For most of human history, economic stagnation was the norm, the Nobel committee noted today. Important discoveries sometimes led to improved living conditions and higher incomes, but growth “always eventually levelled off.” That changed about 200 years ago, as people developed new ways to understand why a particular innovation boosted growth.
Two of the winners, Philippe Aghion and Peter Howitt, published an article in 1992 that explained a mathematical model for the dynamic of creative destruction that occurs when a new and better product displaces older ones.
“The laureates’ work shows that economic growth cannot be taken for granted,” and people “must uphold the mechanisms that underlie creative destruction,” lest stagnation take hold, the committee said.
Highlights from the WSJ story:
With the world economy once again facing potentially significant technological change in the form of artificial intelligence, Aghion said the predictions of widespread unemployment offered up by critics of change in the past haven’t proved to be well founded.
“It never happens,” he said.
It can take years for people to figure out how to get value out of technological innovation, the internet included.
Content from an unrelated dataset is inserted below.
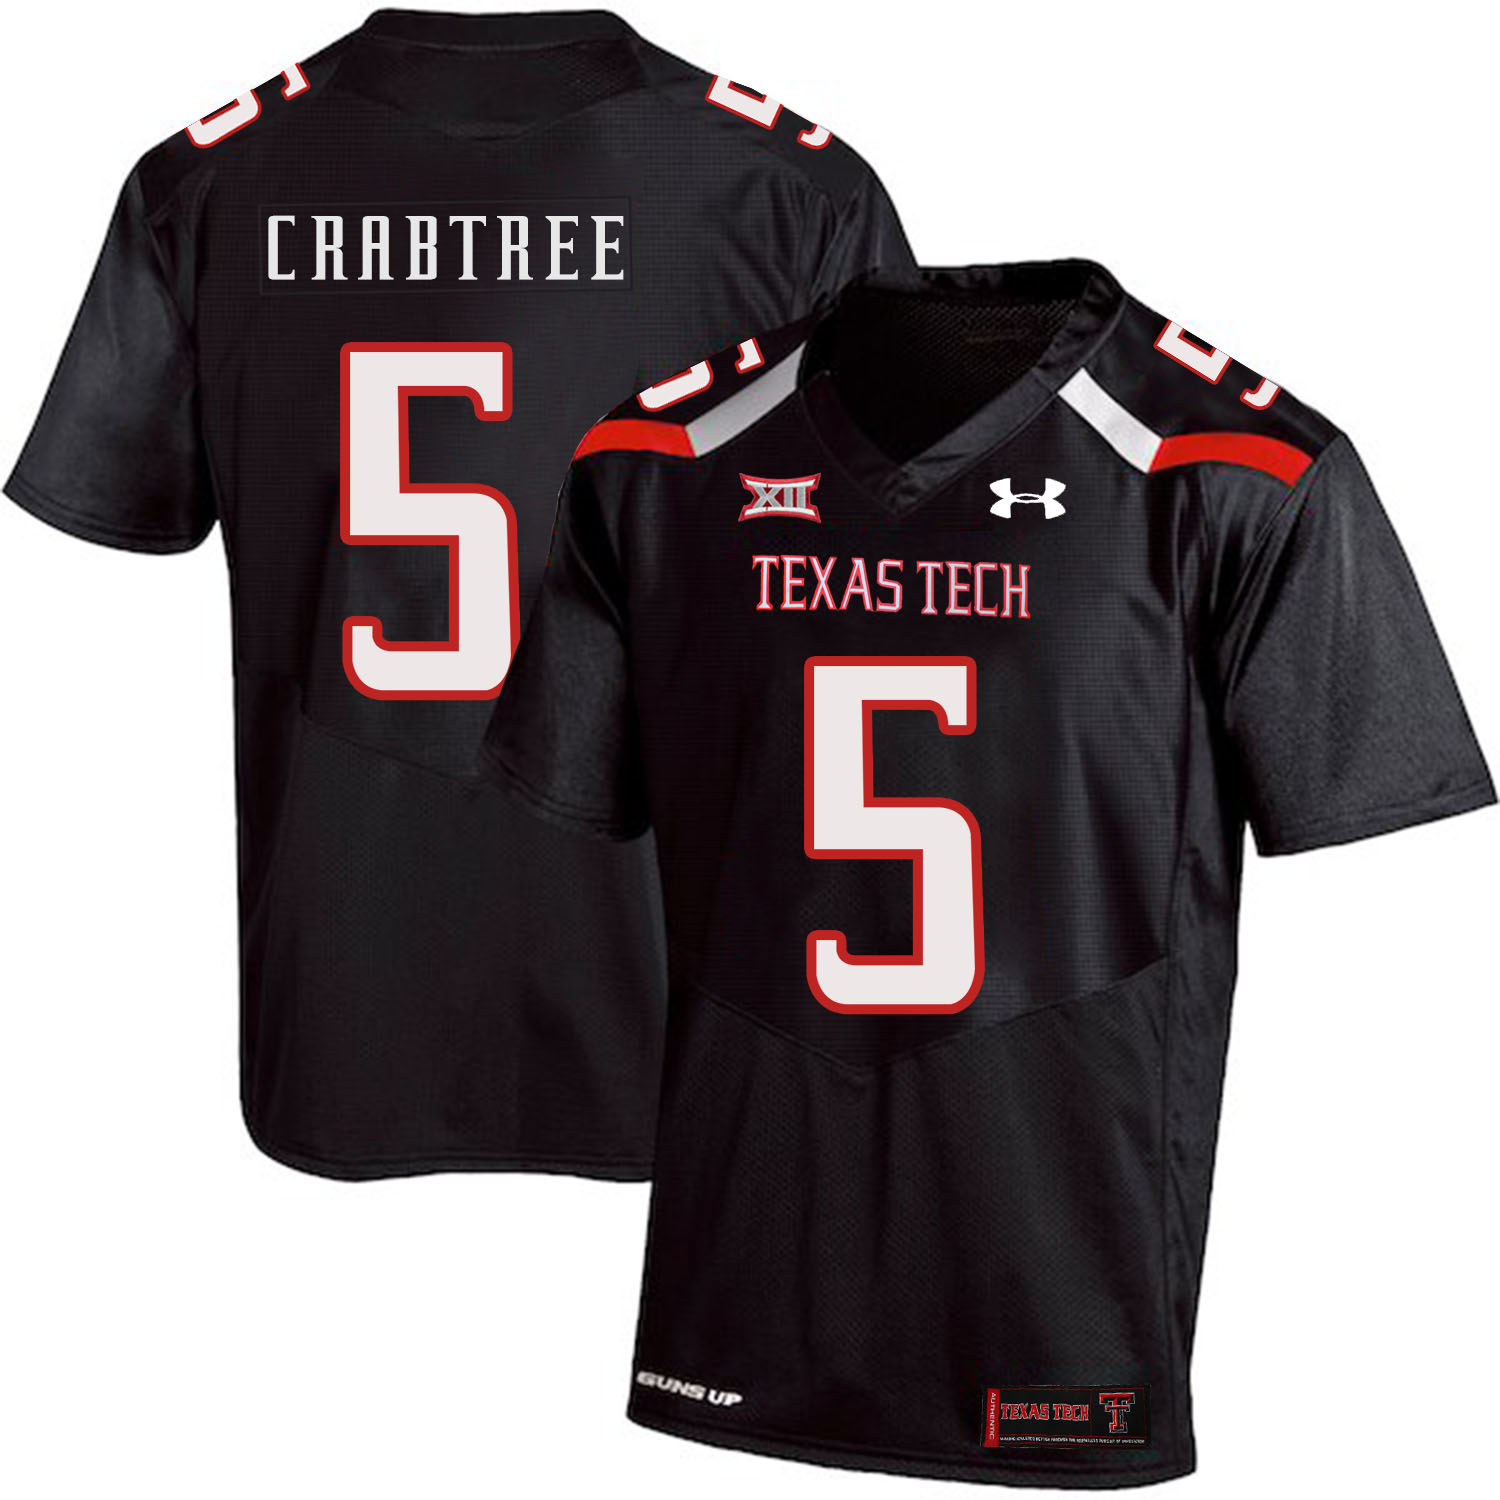 Texas Tech Red Raiders 5 Michael Crabtree Black College Football Jersey

AI investments are “juicing” the economy, even though “the tools themselves aren’t substantially boosting the productivity of American workers in the way AI enthusiasts hope they will—at least not yet,” the WSJ’s Justin Lahart says. See more below.
The bewilderingly massive investments by OpenAI and other companies reflect a belief that AI is unleashing a massive wave of just such creative destruction.
“We are going to spend a lot on infrastructure, we are going to make a bet, the company scale bet that this is the right time to do it,” OpenAI CEO Sam Altman said last week on the Stratechery podcast.
“Given where we are with the research, with our business, with the product … is it the right decision or not? We will find out, but it is the decision we’re going to make,” Altman said.
Are there signs that AI will boost your company’s productivity? Use the links at the end of this email and share your observations.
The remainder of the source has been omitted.